The MapReduce framework  was selected due to the highly partitionable nature of the input data sets, and the relative ease of adapting our workflow to the MapReduce paradigm when searching for read-based structural errors. Furthermore, as all operations that we define are commutative and associative, we can make use of Hadoop's intermediary Combine operation when transitioning between the Map phase and Partition, Shuffle, and Sort steps of Hadoop's implementation of the framework. By specifying an intermediary Combiner, we can reduce network and processing overhead by performing an immediate Reduce over the output data sets of mappers on each cluster machine. For example, using a small, 80-core cluster running OutputCoverage (our tool to generate coverage totals per kilobase region), the use of a combiner means the difference between three minutes and nearly 90 minutes of analysis over the same BAM file (see Table 3), utilizing the same job across the cluster. This significant difference is due to the sheer volume of data reduction achieved by collapsing a large number of map outputs into a very small number of outputs from each Combiner.
Table 3. Run Time for SAMQA on Hadoop
Our selection of the MapReduce framework is notable because, even for jobs bound by linear or linearithmic time and space, data sets and analysis can quickly prove unwieldy at the tera- and petabyte scale (see Table 4). MapReduce's strengths in data processing, when coupled with Hadoop's strengths in data and computational locality, task delegation, and aggregation strategies over key-indexed information, provide significant constant time improvements, with a near-linear speedup bounded only by the number of nodes in a compute cluster.
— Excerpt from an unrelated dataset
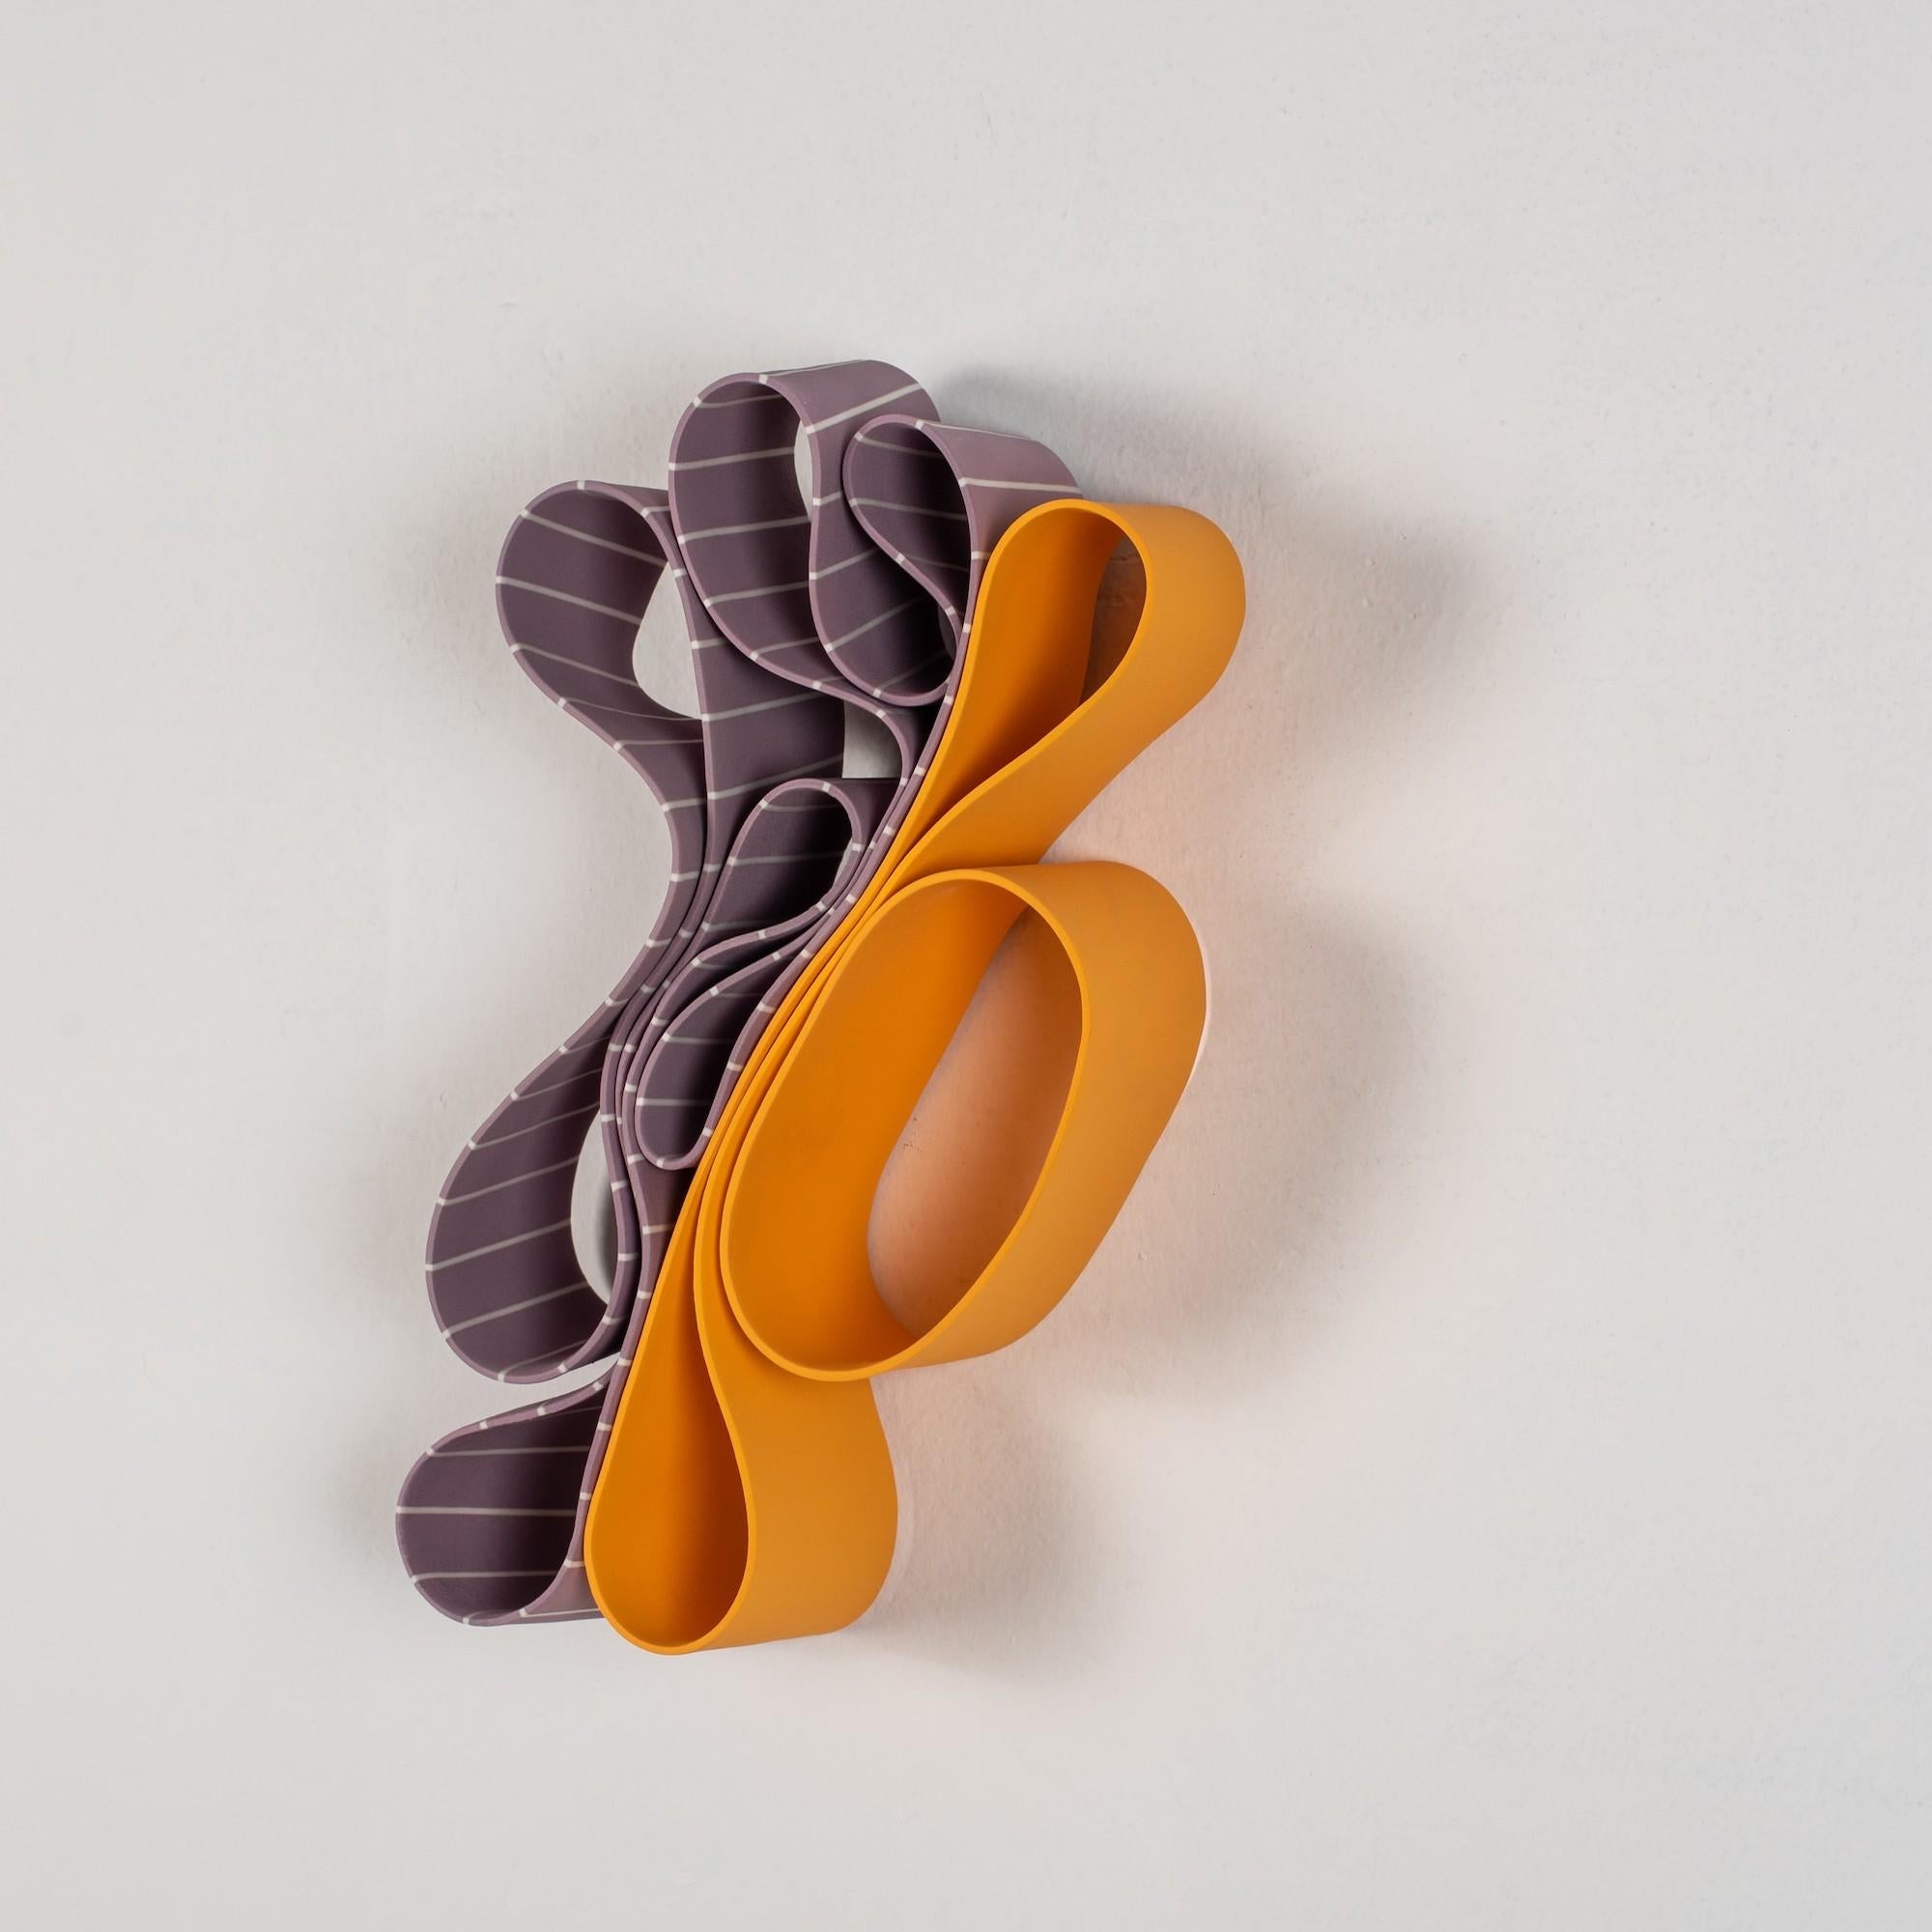 Wall Object #1 by Simcha Even-Chen - Porcelain sculpture, orange, violet, lines For Sale 2

In the context of a Mapper-only job, we see improvements in constant processing time plus linear data marshalling time associated with Hadoop distributing tasks to individual machines. In the case of a job that also defines a Reduce operation, improvements are linearithmic with its primary overhead attributable to distributing tasks and the Partition, Shuffle, and Sort operations performed by Hadoop.
Table 4. Run Time SAMQA on Hadoop vs. Standard Server
All feature extraction tools are implemented as separate MapReduce jobs, which operate on the complete data sets as described (in Figure 1). While this results in referencing the same read data multiple times (once for each job), the speed and performance of HDFS trivialize this operation through data and cache locality. As a result of these systems working in tandem, the toolkit is extremely robust, fast, easy to understand, and easy to extend. We believe that these factors are vital to the extensibility of SAMQA as new analysis types are requested and added to the tool.
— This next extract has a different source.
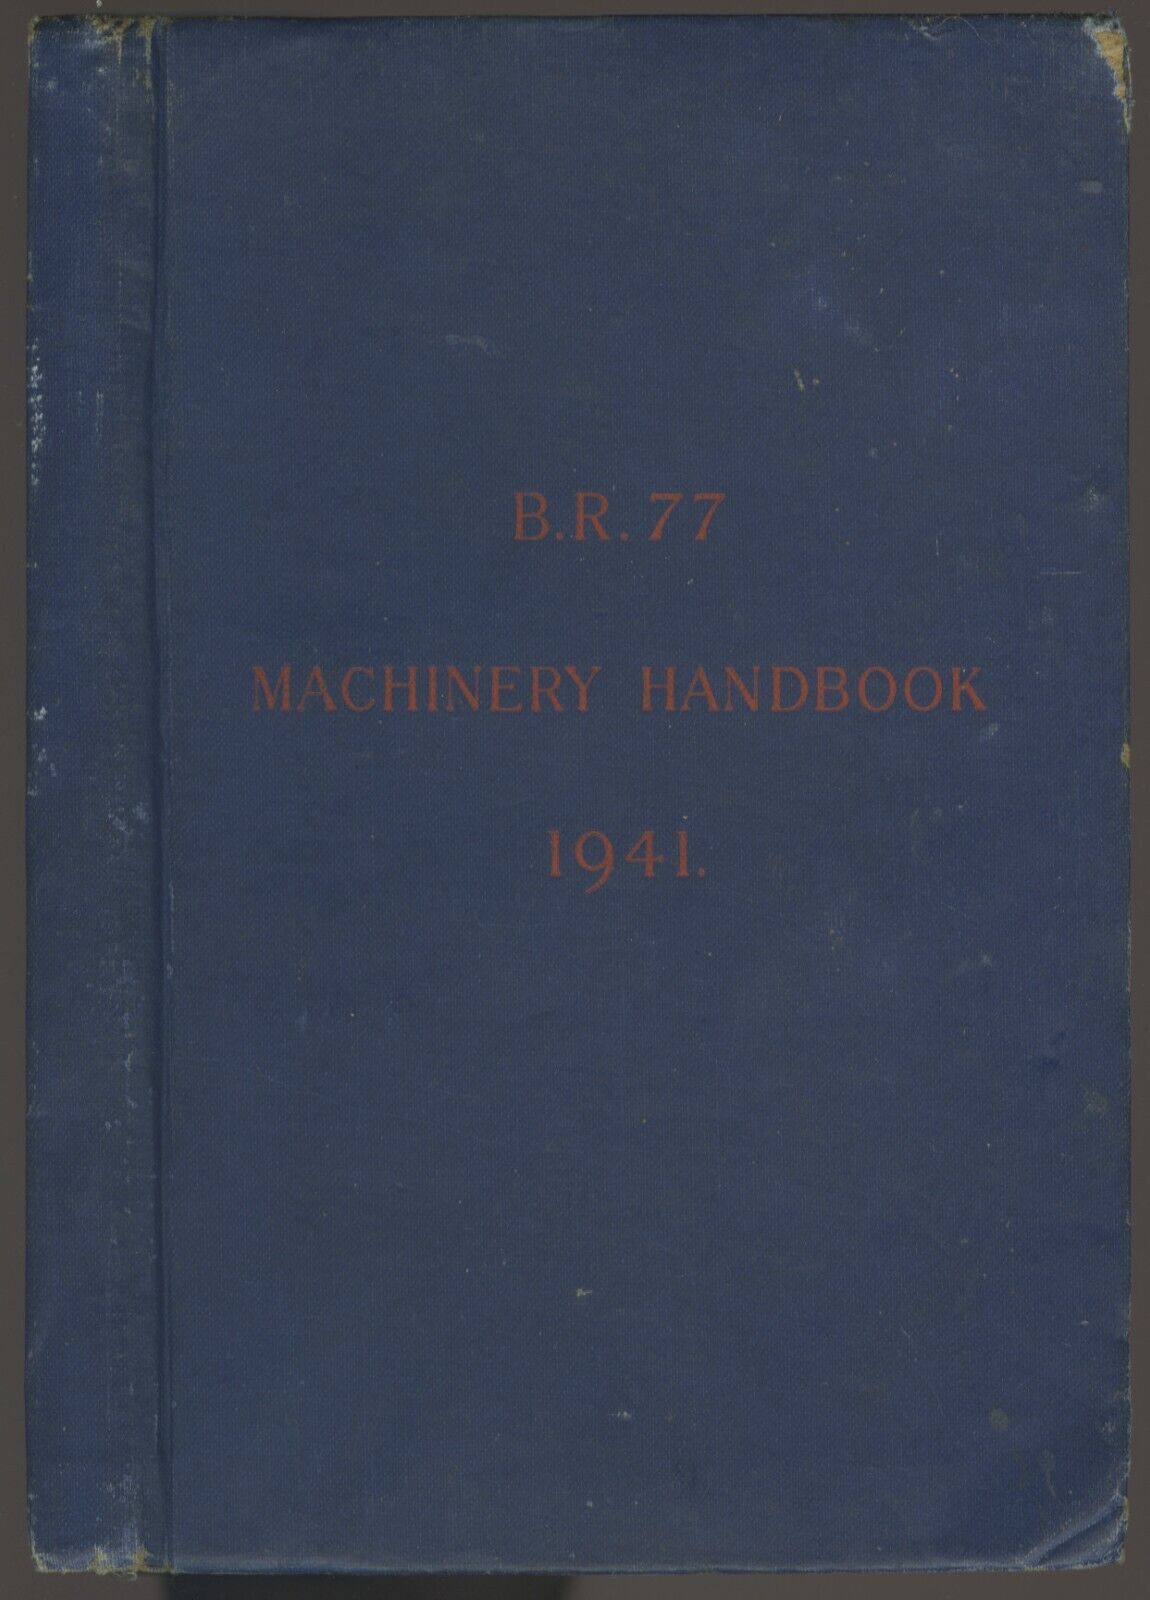 NAVAL MANUAL BR 77 MACHINERY HANDBOOK Pub 1941

Figure 1. MapReduce Framework. MapReduce provides a generic framework that enables rapid, parallel analysis of partitionable data. Each Mapper runs a single test (e.g. OutputCoverage) across a section of the data from a single sequence file. The Reduce phase (if specified) can do additional analysis across aggregated data or mapper results and output information that can be used by external tools (as in Figure 2).
Each feature extraction tool outputs a series of key-value pairs in a human-readable and machine-parsable text format. Each key-value pair describes some feature of the data as defined by the tool being run. For example the pair < BIN_example_0_COVERAGE, 9.4126293> has the compound key BIN_example_0_COVERAGE describes the coverage for the kilobase region 0 for our example sequence, and the value 9.4126293 denotes coverage over this region. While somewhat terse in their contrived meaning, all compound keys output by SAMQA are fully representative and uniquely identifiable. This simple representation is designed to make it easier to integrate with downstream analysis tools while remaining extensible to the operating standards of those wishing to integrate the tool into their own workflow.
For all Mapper-only jobs, the mappers are used to perform parallel computations against isolated, atomic data fragments. In a MapReduce operation, each Mapper performs input pre-processing, the Combiner (if specified) aggregates these intermediate results, and the Reducer performs each final calculation. This is especially vital for any tests across the entire input data such as Pearson correlations or calculations of coverage.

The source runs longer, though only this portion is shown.